Overall, 8,672 genes were mutated in ≥ one DLBCL sample. There were 12, 47, 109 and 59 driver genes predicted by OncodriveCLUST, OncodriveFM, iCAGES and DrGaP respectively (Tables SI–IV). Combining these 4 sets of driver genes, a total of 208 unique driver genes were detected using all 4 tools.

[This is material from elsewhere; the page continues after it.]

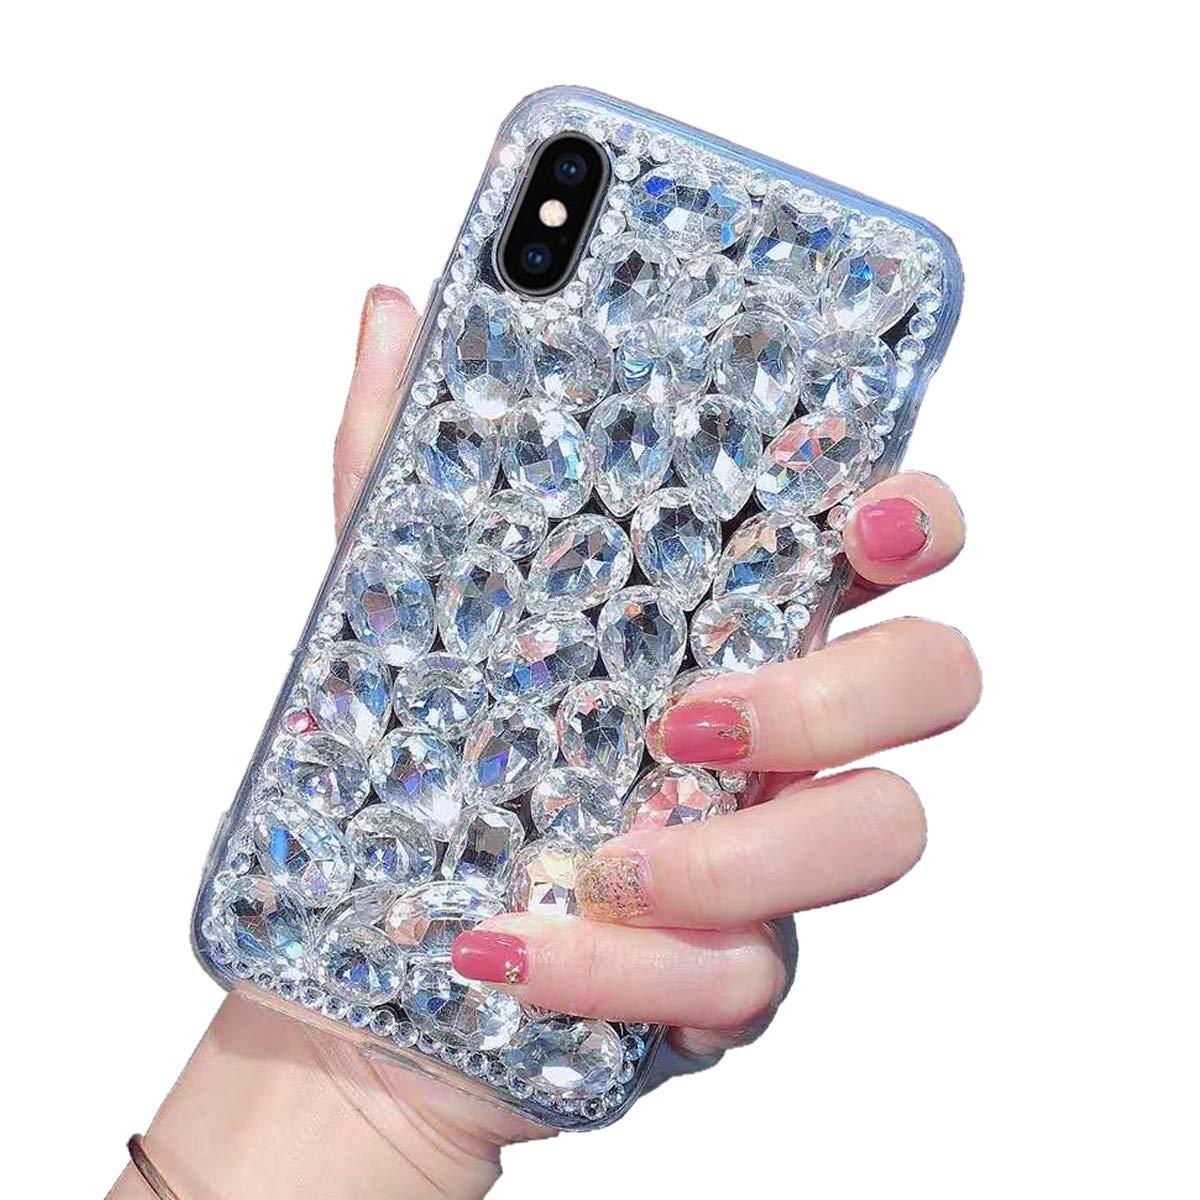 Luxus Glitzer Hülle für Galaxy J5 2017, Misstars 3D Bling Diamant Handyhülle Transparent Hart PC Rückschale mit Silikon TPU Rahmen Schutzhülle für Samsung Galaxy J5 2017 SM-J530F, Silber

Zinc finger protein 814 (ZNF814), major histocompatibility complex, class I, C (HLA-C), CD79B, rhophilin Rho GTPase binding protein 2 (RHPN2), MYD88 and EZH2 were the common genes identified by OncodriveCLUST and OncodriveFM. Suppressor of cytokine signaling 1 (SOCS1), TP53, signal transducer and activator of transcription 6 (STAT6), actin beta (ACTB), protein tyrosine phosphatase non-receptor type 6 (PTPN6) and LYN proto-oncogene (LYN) were common to OncodriveFM and iCAGES. Fas cell surface death receptor (FAS), inhibitor of nuclear factor kappa B kinase subunit beta (IKBKB), tumor necrosis factor (TNF) and TP53 were common driver genes detected by iCAGES and DrGaP. TP53, BTG anti-proliferation factor 2 (BTG2) and ubiquitin conjugating enzyme E2 A (UBE2A) were common to OncodriveFM and DrGaP, MLH1 was the overlapping driver gene found between OncodriveCLUST and iCAGES. TP53 was the only driver gene predicted by OncodriveFM, iCAGES and DrGaP. Among the 208 driver genes; immunoglobulin lambda like polypeptide 5 (IGLL5), myeloid/lymphoid or mixed-lineage leukemia 2 (MLL2), BTG anti-proliferation factor 2 (BTG2), beta-2-microglobulin (B2M) and Pim-1 proto-oncogene, serine/threonine kinase (PIM1) were the top five recurrently-mutated genes in patients with DLBCL with mutation rates of 41.7, 35.4, 33.3, 27.1, 25.0, respectively (Fig. 1; Table SV). The majority of driver genes were mutated at a low frequency in DLBCL with an average mutation rate of 6.1% (Table SV). By comparing the list of driver genes with curated ONGene and TSGene databases, numerous known oncogenes were identified in the current study, such as signal transducer and activator of transcription 3 (STAT3), epidermal growth factor receptor (EGFR), as well as tumor suppressor genes, such as ATM serine/threonine kinase (ATM), phosphatase and tensin homolog (PTEN). In addition to the list of driver genes, DrGaP also identified 31 driver pathways in DLBCL, including the MAPK signalling pathway, cytokine-cytokine receptor interaction, cell cycle, apoptosis, p53 signalling pathway, pathways in cancer, pancreatic cancer, the Wnt signalling pathway and chronic myeloid leukemia (data not shown).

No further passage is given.